Recordé el artículo donde el policía Jörgen Hermansen decía que el barro ralentiza el proceso de descomposición, pero no tenía fuerzas para pensar más en ello.

Saqué las bolsas y las hundí lentamente una tras otra en el agua oscura, hasta que todo el cerdo desapareció.

Me miré las manos, los pantalones y las botas llenas de barro y comprobé que tenía que ir mejor preparada la próxima vez.

Cuaderno de las magdalenas, 28 de febrero:

1. Comprar dos cubos de diez litros.

2. Cosas de peso, para asegurarme de que las bolsas no salgan a la superficie:

¿Piedras?

¿Arena?

3. Comprar un rollo grande de bolsas de basura negras.

4. Comprar dos pares de guantes de goma y un chubasquero para usar durante el despiece.

5. Comprar unas botas de goma buenas, dos tallas más grandes por lo menos, para que no puedan obtener pistas de las huellas.

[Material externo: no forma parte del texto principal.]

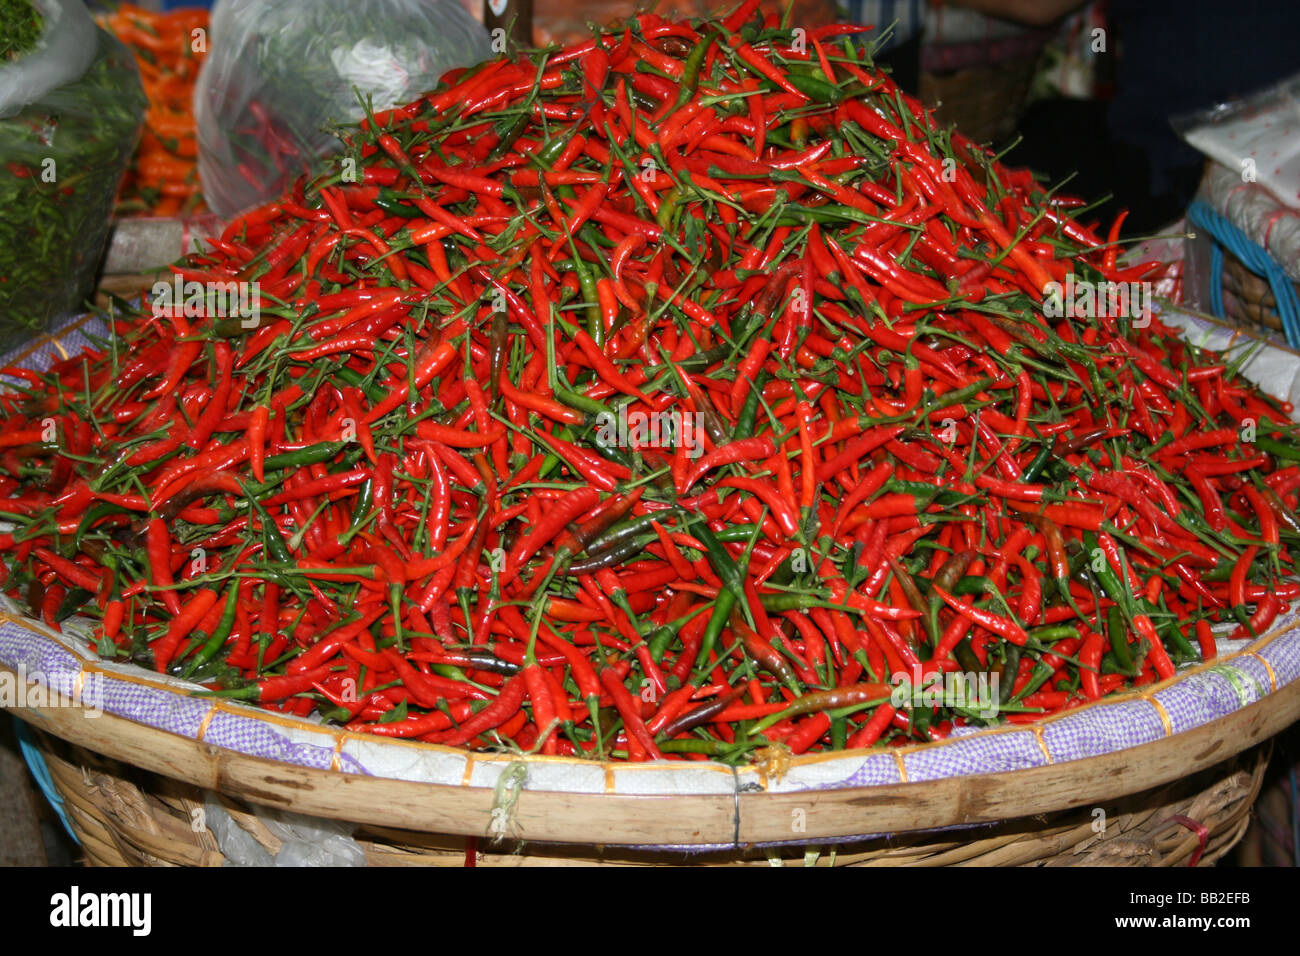 A large pile of red a green chillies at a market in Bankok Stock Photo

6. Comprar plantillas para ajustar las botas.

¡Atención!

Recordar, sacado de la enciclopedia: rigidez del cadáver, rígor mortis, es la pérdida de la elasticidad de los músculos que hace que los tejidos se vuelvan rígidos; aparece gradualmente durante las diez o doce primeras horas después de la muerte y la rigidez es completa a las catorce horas. La rigidez se produce por la falta de oxígeno en las células de los músculos y por eso estos permanecen en la posición que se encontraban cuando se produjo dicha falta de oxígeno. El rígor mortis desaparece cuando comienza la descomposición de la estructura interna de las células de los músculos.